= WORK INSTRUCTIONS =
In the data below, find the line that contains "2021 audi q4" and the line that contains "Josh Trim Fit". Copy both, plus every line between them, exactly.

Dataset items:
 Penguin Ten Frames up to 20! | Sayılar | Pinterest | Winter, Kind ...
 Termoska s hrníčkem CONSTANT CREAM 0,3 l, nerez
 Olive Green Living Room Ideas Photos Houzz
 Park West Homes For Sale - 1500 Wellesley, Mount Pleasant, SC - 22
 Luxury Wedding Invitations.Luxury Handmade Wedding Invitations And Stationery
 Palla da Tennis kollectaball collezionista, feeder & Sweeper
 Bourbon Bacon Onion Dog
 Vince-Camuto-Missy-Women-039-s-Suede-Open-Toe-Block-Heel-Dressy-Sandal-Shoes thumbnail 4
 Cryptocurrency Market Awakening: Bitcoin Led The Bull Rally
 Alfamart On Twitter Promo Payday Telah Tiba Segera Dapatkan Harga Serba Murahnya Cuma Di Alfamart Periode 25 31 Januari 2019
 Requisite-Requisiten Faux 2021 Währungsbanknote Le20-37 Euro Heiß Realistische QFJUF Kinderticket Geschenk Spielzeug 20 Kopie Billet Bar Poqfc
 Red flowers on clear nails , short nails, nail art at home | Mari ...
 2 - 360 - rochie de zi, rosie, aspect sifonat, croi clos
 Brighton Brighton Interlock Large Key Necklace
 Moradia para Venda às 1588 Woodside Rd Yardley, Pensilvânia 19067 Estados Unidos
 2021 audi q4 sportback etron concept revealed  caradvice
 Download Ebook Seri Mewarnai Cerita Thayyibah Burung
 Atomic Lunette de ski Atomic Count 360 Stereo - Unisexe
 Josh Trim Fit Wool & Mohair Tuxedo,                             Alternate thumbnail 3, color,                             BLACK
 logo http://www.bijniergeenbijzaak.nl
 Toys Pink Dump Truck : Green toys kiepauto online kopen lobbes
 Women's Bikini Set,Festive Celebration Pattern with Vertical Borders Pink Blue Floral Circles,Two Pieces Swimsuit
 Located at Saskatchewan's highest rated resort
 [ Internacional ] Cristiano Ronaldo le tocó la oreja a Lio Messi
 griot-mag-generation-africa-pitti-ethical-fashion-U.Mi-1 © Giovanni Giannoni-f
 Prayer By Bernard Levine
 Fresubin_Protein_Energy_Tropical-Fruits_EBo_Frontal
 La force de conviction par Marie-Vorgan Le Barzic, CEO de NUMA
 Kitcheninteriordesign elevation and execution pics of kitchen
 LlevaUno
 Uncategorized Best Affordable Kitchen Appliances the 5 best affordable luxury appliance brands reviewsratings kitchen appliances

= YOUR SOLUTION =
 2021 audi q4 sportback etron concept revealed  caradvice
 Download Ebook Seri Mewarnai Cerita Thayyibah Burung
 Atomic Lunette de ski Atomic Count 360 Stereo - Unisexe
 Josh Trim Fit Wool & Mohair Tuxedo,                             Alternate thumbnail 3, color,                             BLACK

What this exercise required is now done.